▶ Exercise aim
Once you have located the line containing "717e826b1 Hannah +" in the material below, return it exactly along with each line after it through the line containing "Lazada Voucher Promo".

▶ Dataset entries
-------------------------

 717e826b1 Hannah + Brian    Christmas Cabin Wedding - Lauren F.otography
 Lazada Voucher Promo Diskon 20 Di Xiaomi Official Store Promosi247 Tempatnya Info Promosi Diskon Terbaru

-------------------------

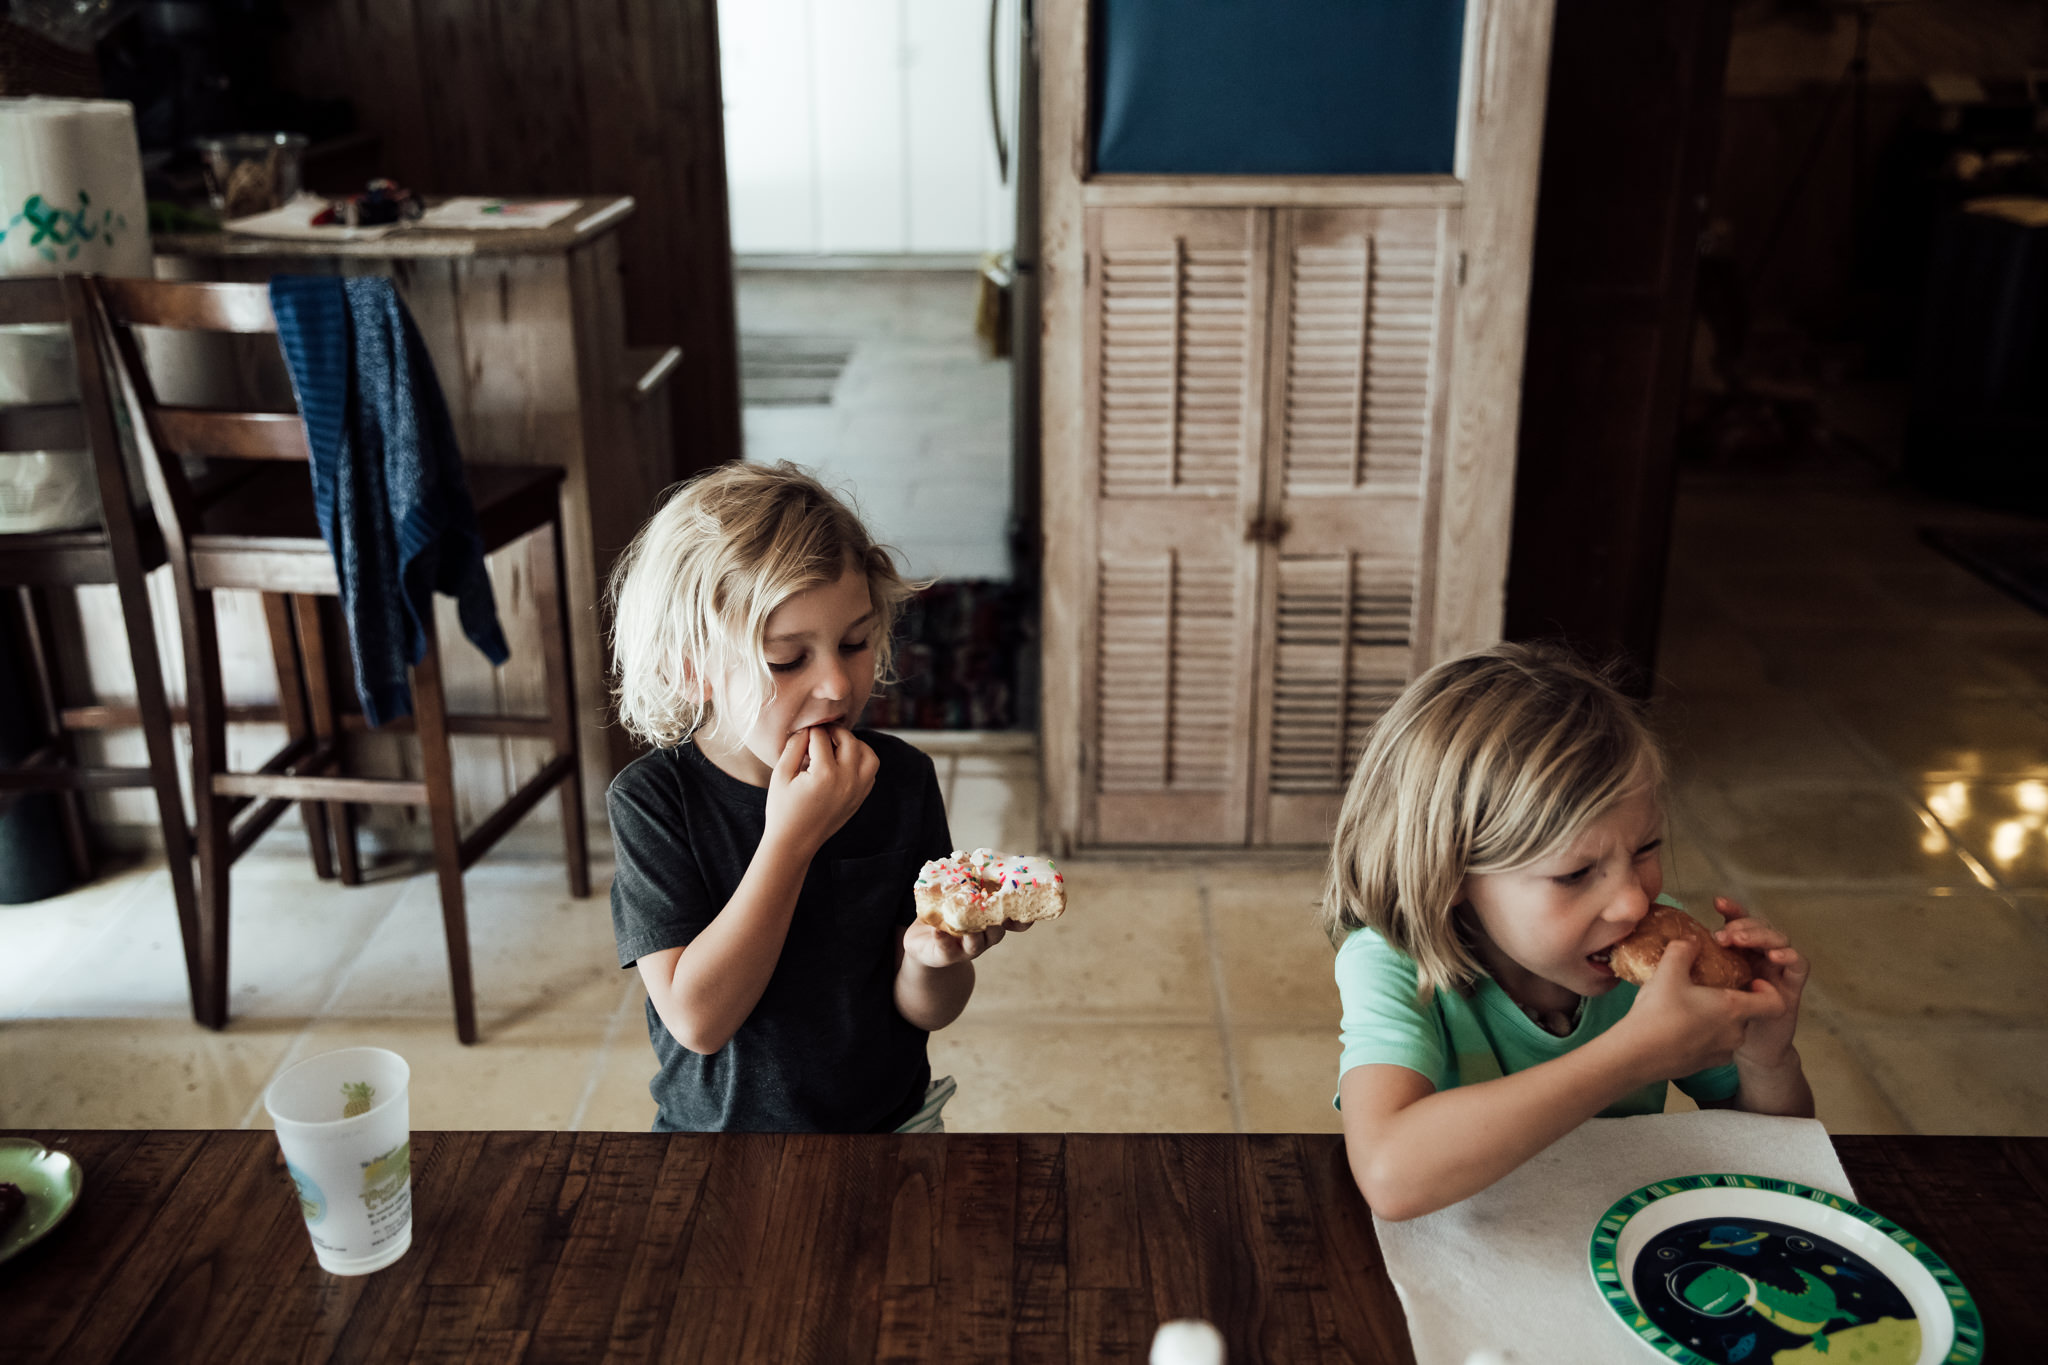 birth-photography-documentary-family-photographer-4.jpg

-------------------------

▶ Exercise output
 717e826b1 Hannah + Brian    Christmas Cabin Wedding - Lauren F.otography
 Lazada Voucher Promo Diskon 20 Di Xiaomi Official Store Promosi247 Tempatnya Info Promosi Diskon Terbaru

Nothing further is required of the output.